Exercise data —
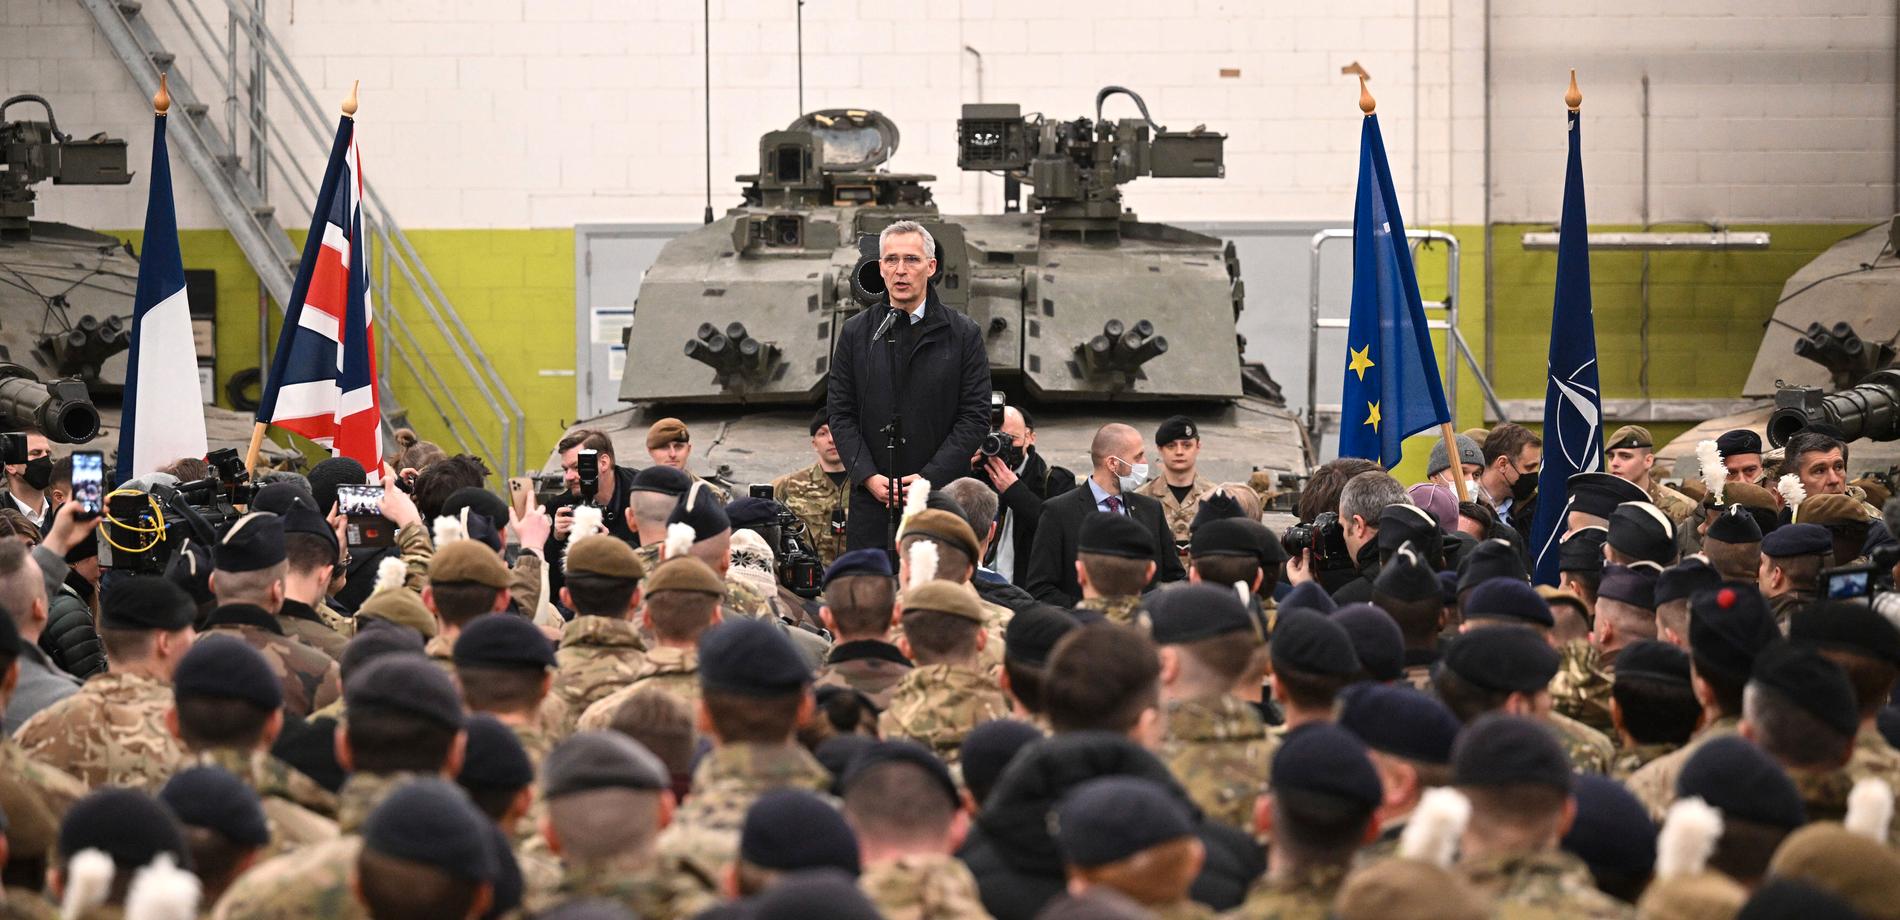 Sekretari i Përgjithshëm i NATO-s, Jens Stoltenberg.
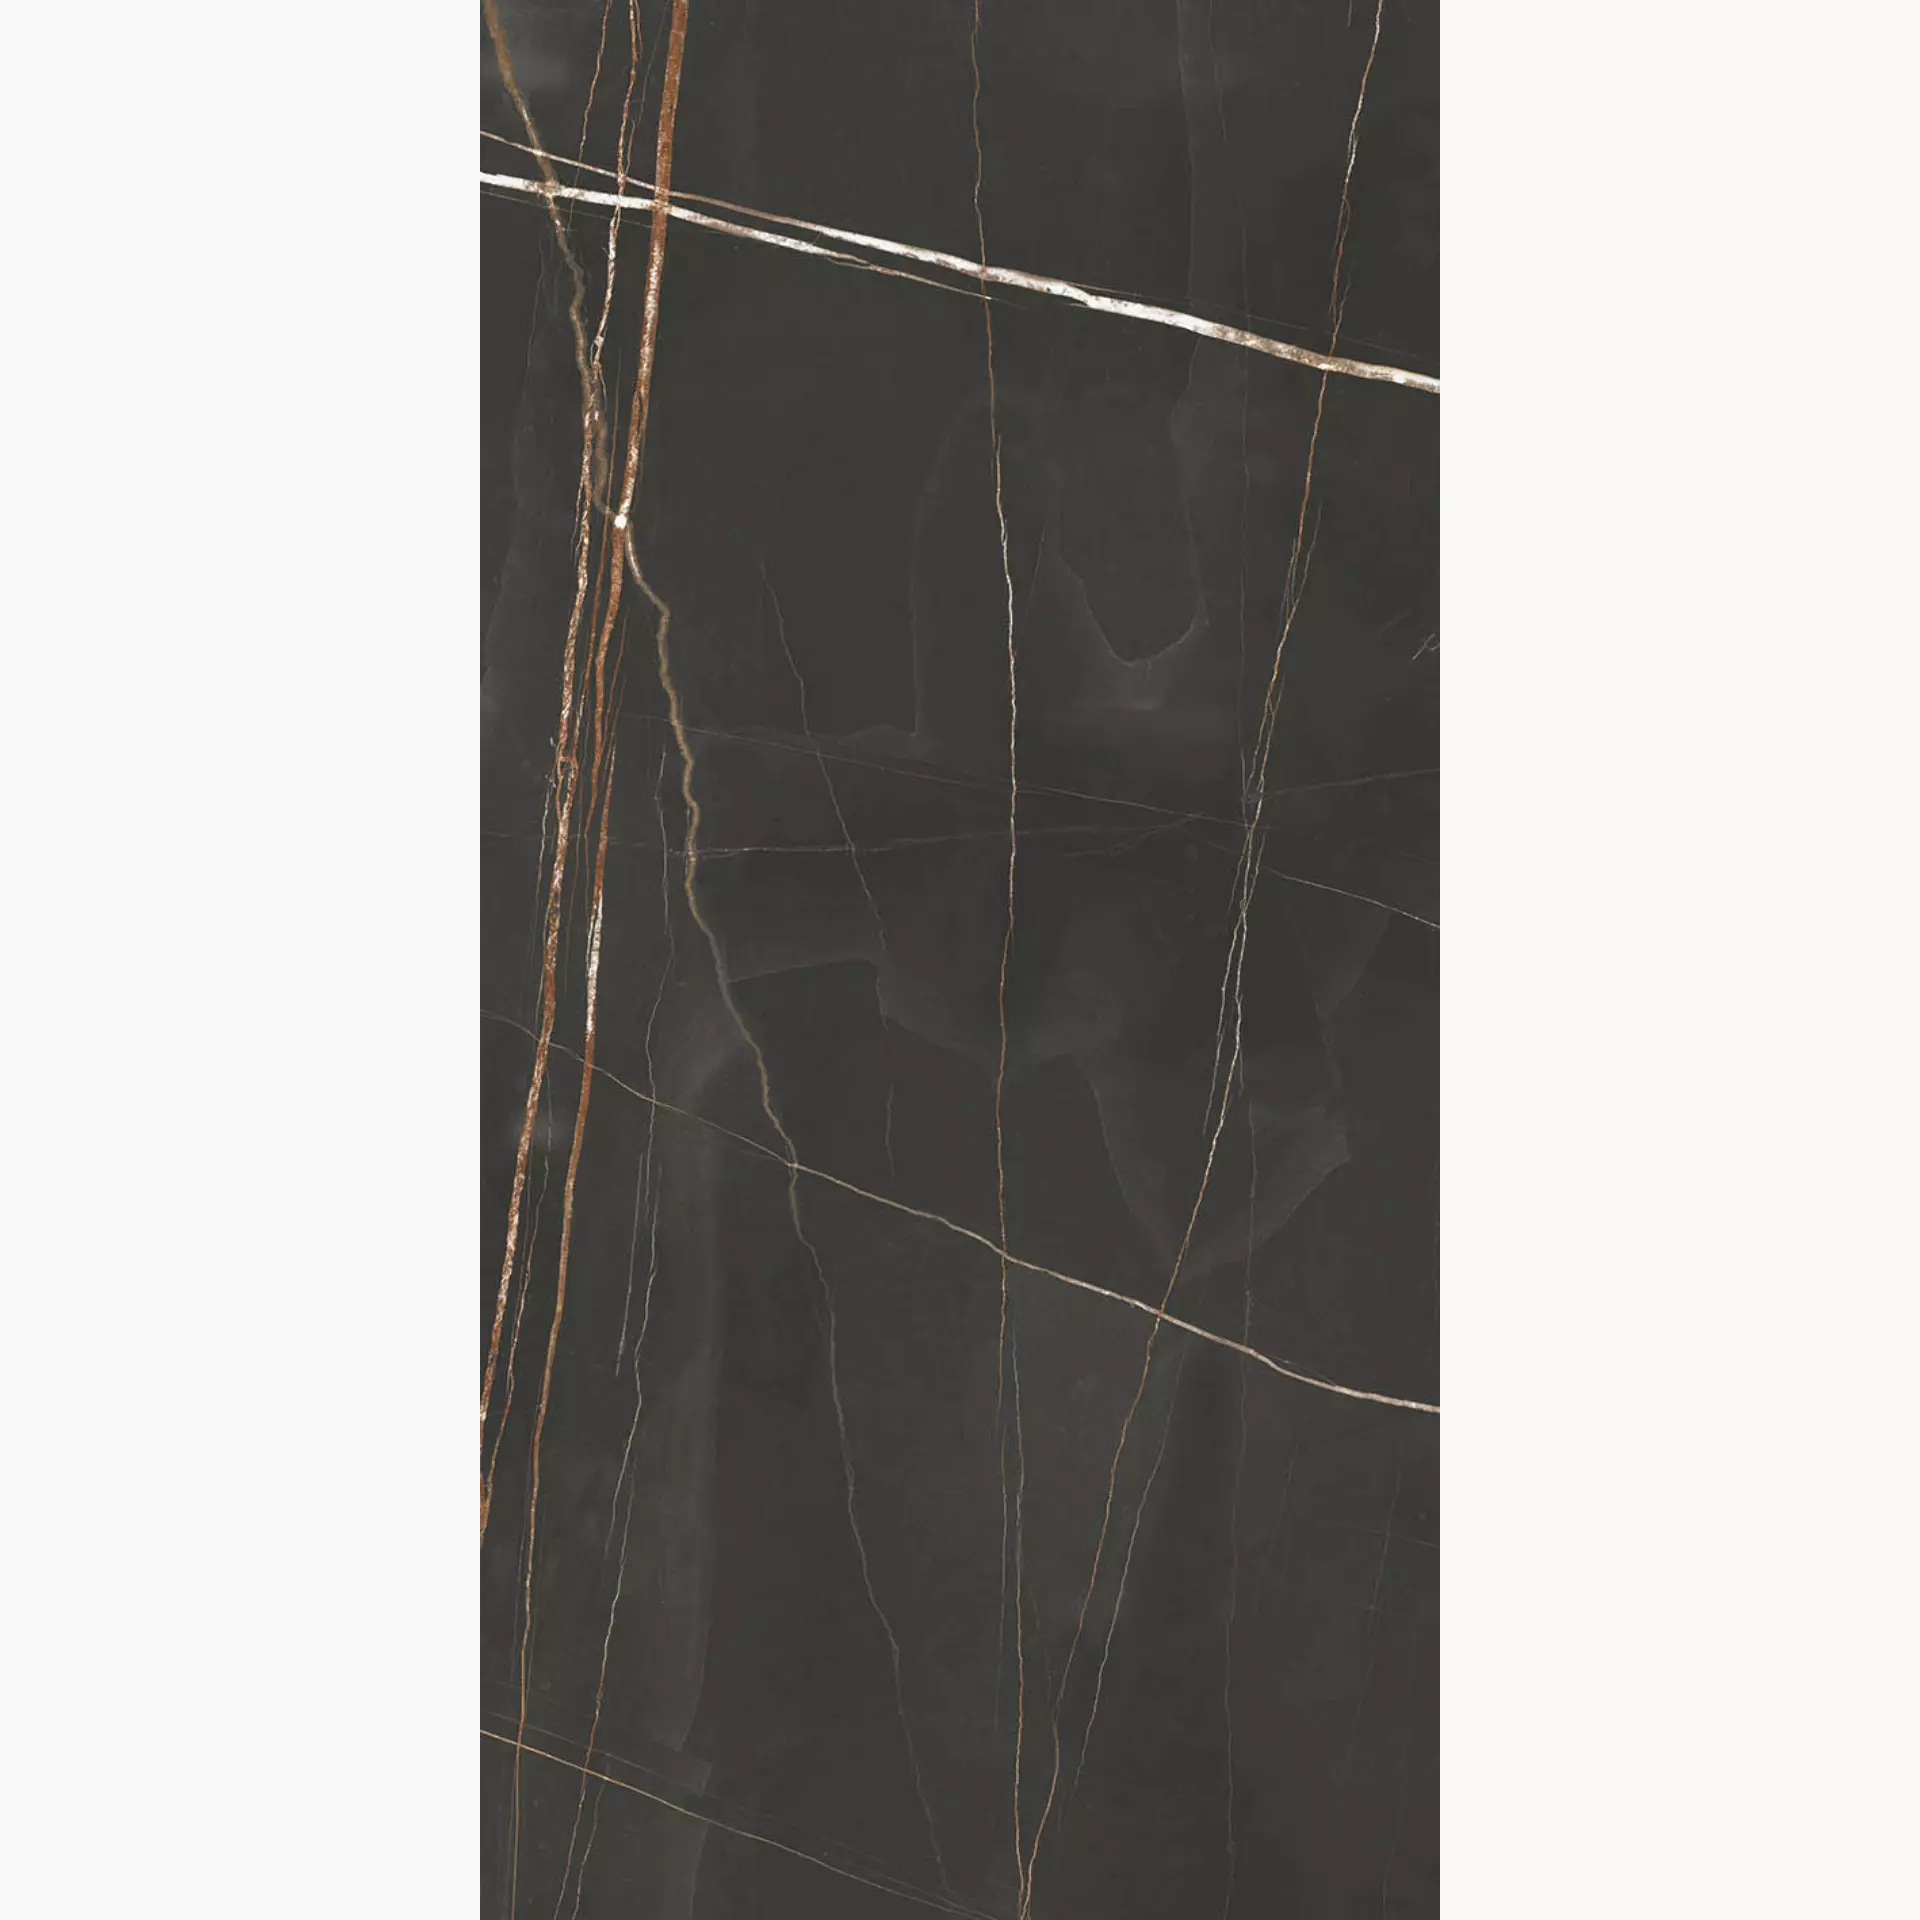 Herberia Marmi Pregiati Sahara Noir Lucido Sahara Noir HMPP19 glaenzend 60x120cm 10mm
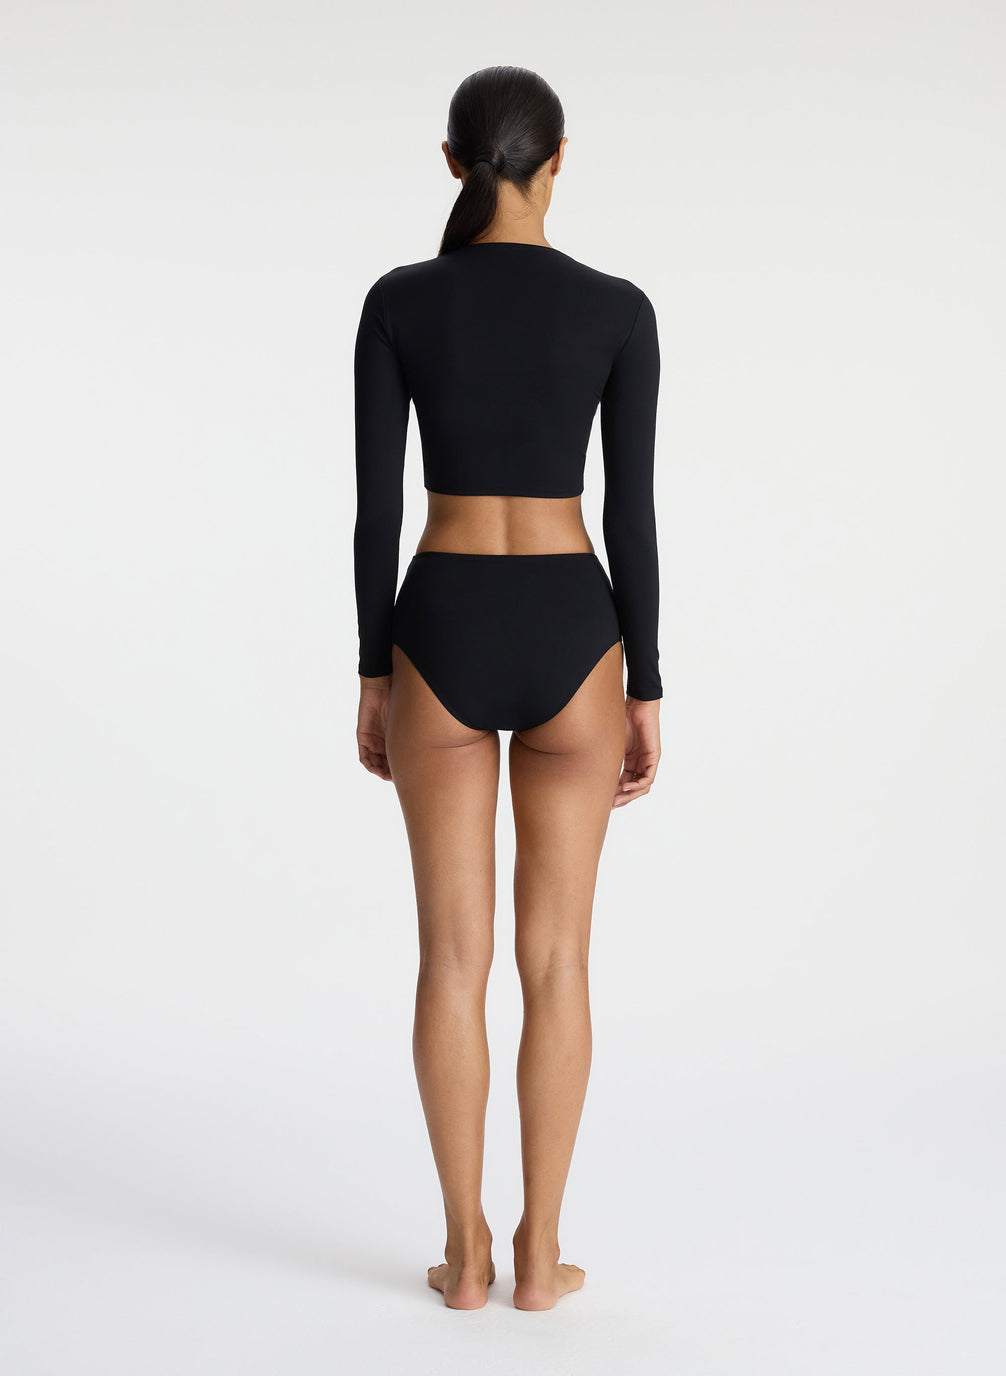 back view of woman in black long sleeve ruched rashguard and black bikini bottom

What is expected — Retype the data word for word and keep the pictures out of it.

Output for this exercise —
 Sekretari i Përgjithshëm i NATO-s, Jens Stoltenberg.
 Herberia Marmi Pregiati Sahara Noir Lucido Sahara Noir HMPP19 glaenzend 60x120cm 10mm
 back view of woman in black long sleeve ruched rashguard and black bikini bottom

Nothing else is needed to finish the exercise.